Got it. This actually isn't a bug, strange as it might seem.

From section 4.8 (raw types) of the JLS:

The type of a constructor (§8.8), instance method (§8.8, §9.4), or non-static field (§8.3) M of a raw type C that is not inherited from its superclasses or superinterfaces is the erasure of its type in the generic declaration corresponding to C. The type of a static member of a raw type C is the same as its type in the generic declaration corresponding to C.

So even though the method's type signature doesn't use any type parameters of the class itself, type erasure kicks in and the signature becomes effectively

public Map getMap()

In other words, I think you can imagine a raw type as being the same API as the generic type but with all <X> bits removed from everywhere (in the API, not the implementation).

EDIT: This code:

MyClass unchecked = new MyClass();
Map<String, String> map = unchecked.getMap();  // Unchecked warning, why?
String s2 = map.get("");

compiles because there's an implicit but unchecked conversion from the raw Map type to Map<String, String>. You can get the same effect by making an explicit conversion (which does nothing at execution time) in the last case:

// Compiles, but with an unchecked warning
String x = ((Map<String, String>)fail.getMap()).get("");
5
votes

Hm ... unfortunately I can't tell you why it fails. But I can give you a simple workaround:

Change the type of fail to MyClass<?>, then it will compile just fine.

3
votes

Very interesting question, and very interesting answer by Jon Skeet.

I just want to add something about the stupidity or not stupidity of this behaviour of the java compiler.

I think that the compiler assumes that if you don't specify the type parameter in a generc class you are not able (or don't want to) use any type parameter at all. You could use a version of java earlier than 5, or love to make casts manually.
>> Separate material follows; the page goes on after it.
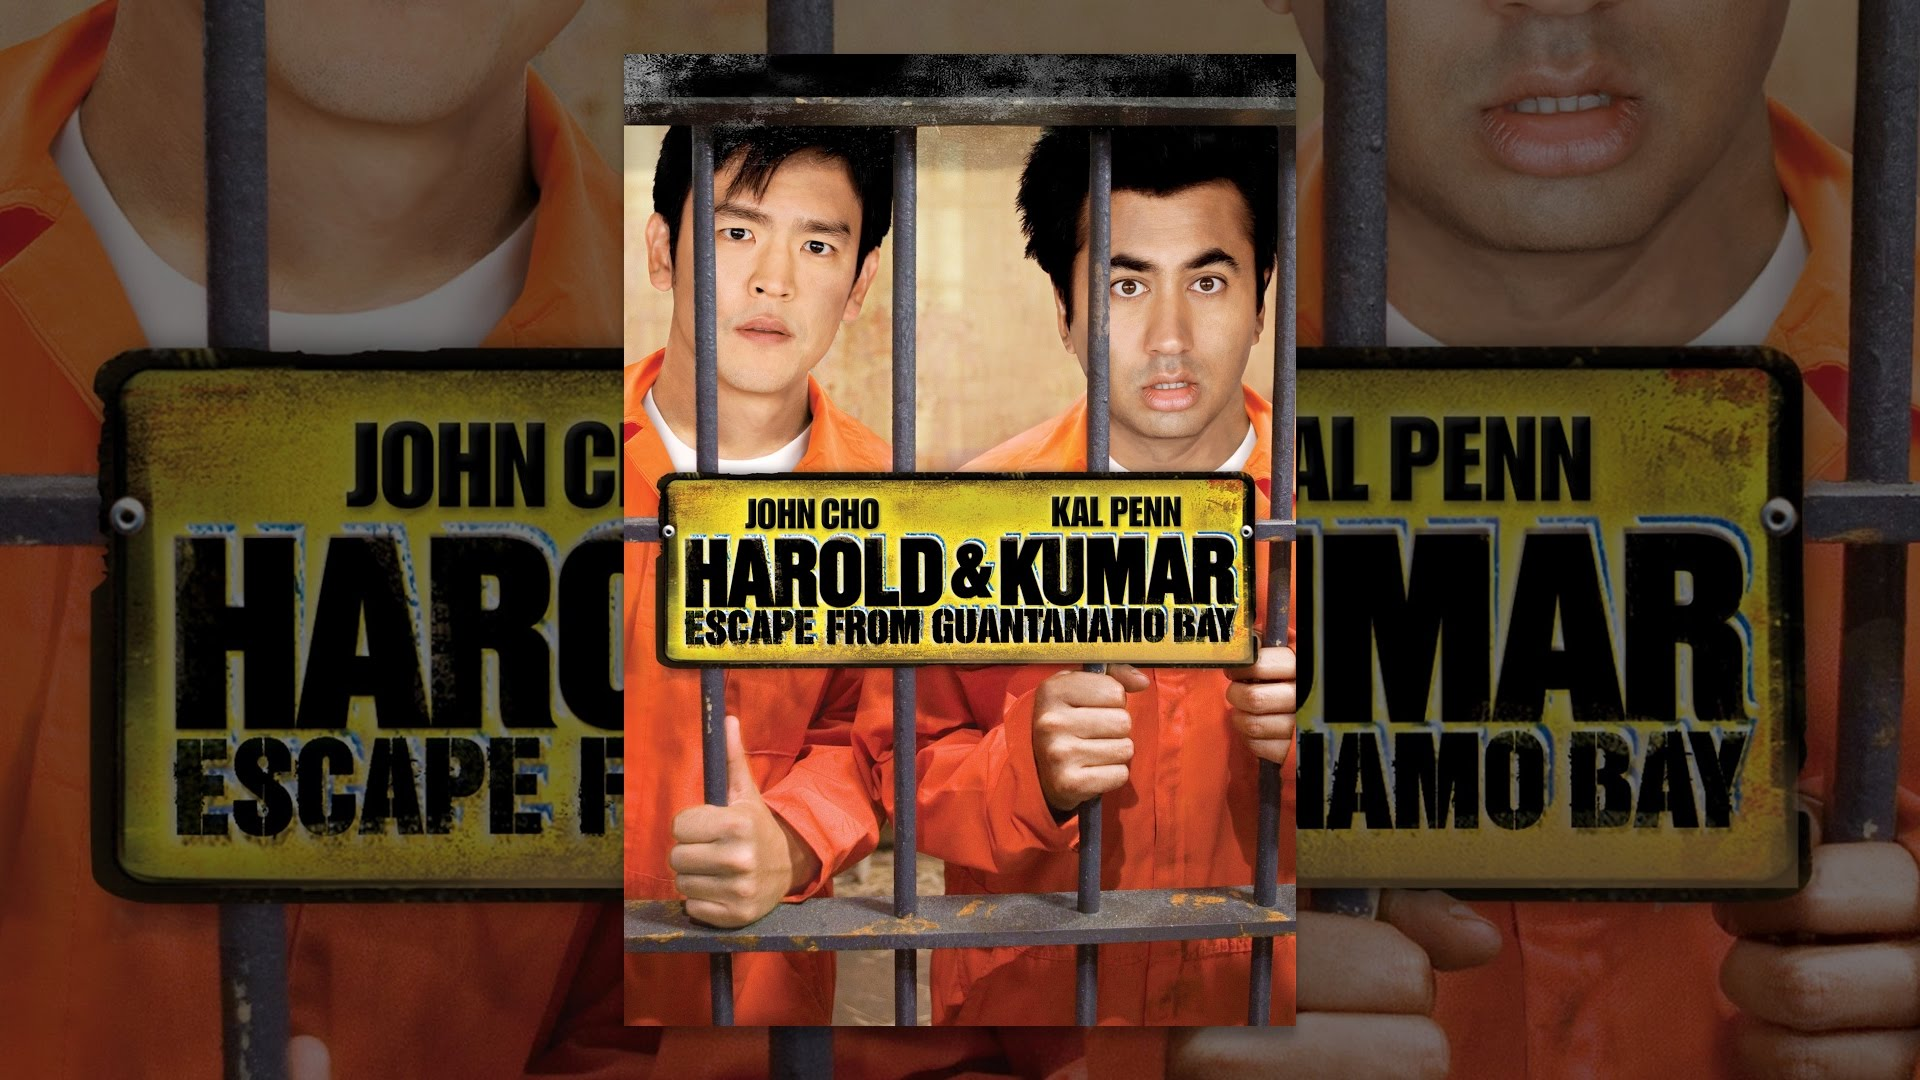 Harold And Kumar Escape From Guantanamo Bay Full Movie Free harold and kumar escape from guantanamo bay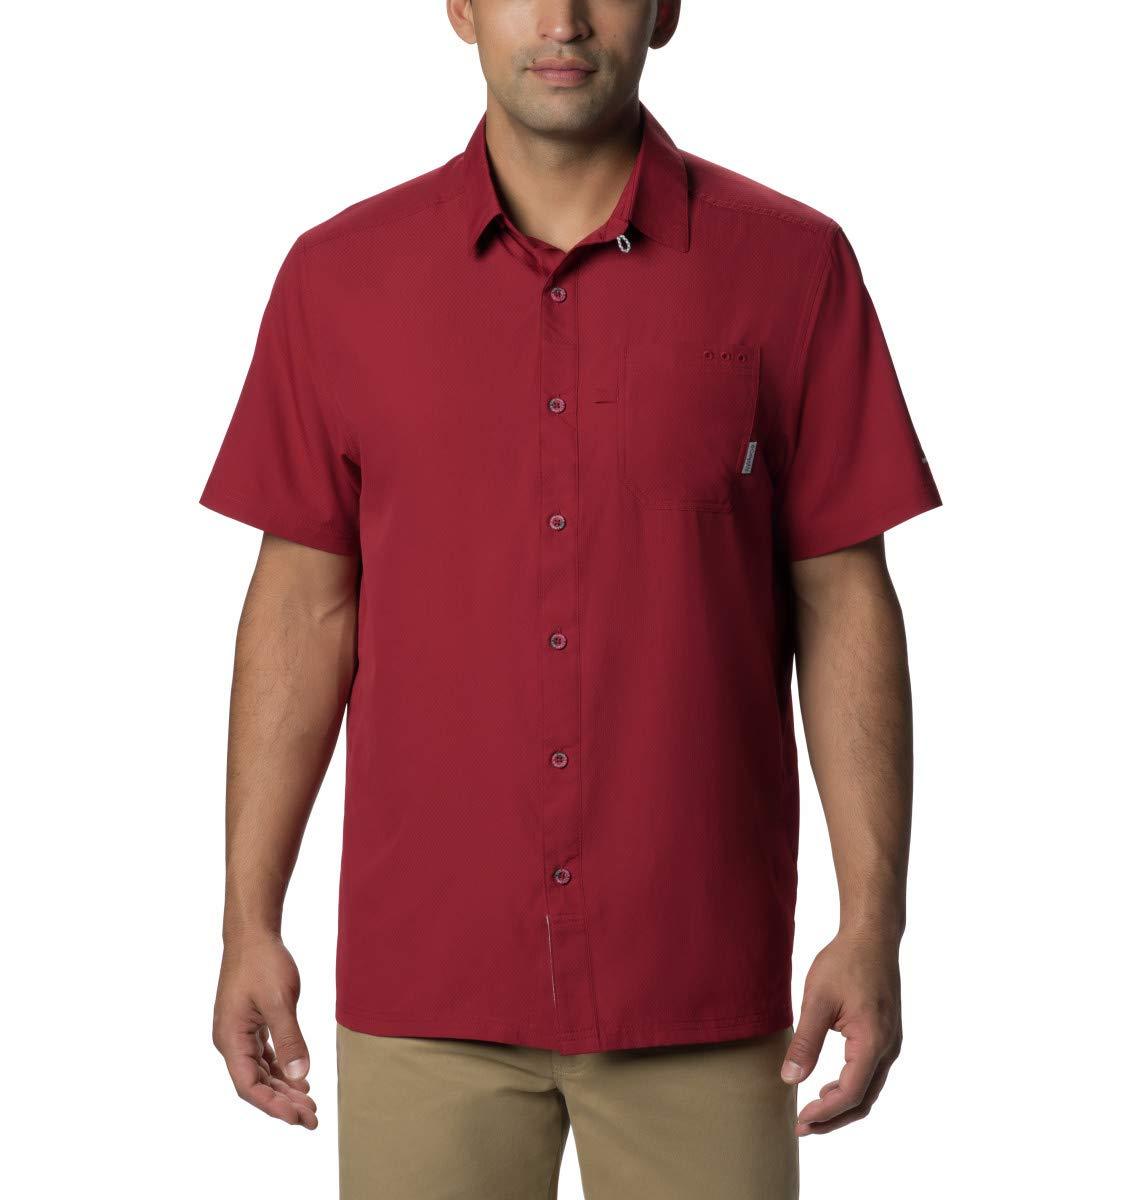 Columbia Standard Men's Slack Tide Camp Shirt, Moisture Wicking, Beet, Small by Columbia

It doesn't seem so stupid to me.

1
votes

Generic types get erased after compiling.

When you do:

Map<String, String> map = unchecked.getMap();

you're forcing a cast from Map to Map<String, String>, and that's why the unchecked warning. However, after that you can do:

String s2 = map.get("");

because map is of type Map<String, String>.

However, when you do

String s3 = fail.getMap().get(""); 

you're not casting fail.getMap() to anything, so it's considered to be plainly Map, not Map<String, String>.

What you should do in the latter is something like:

String s3 = ((Map<String, String>fail.getMap()).get("");

which will still thrown a warning but will work anyway.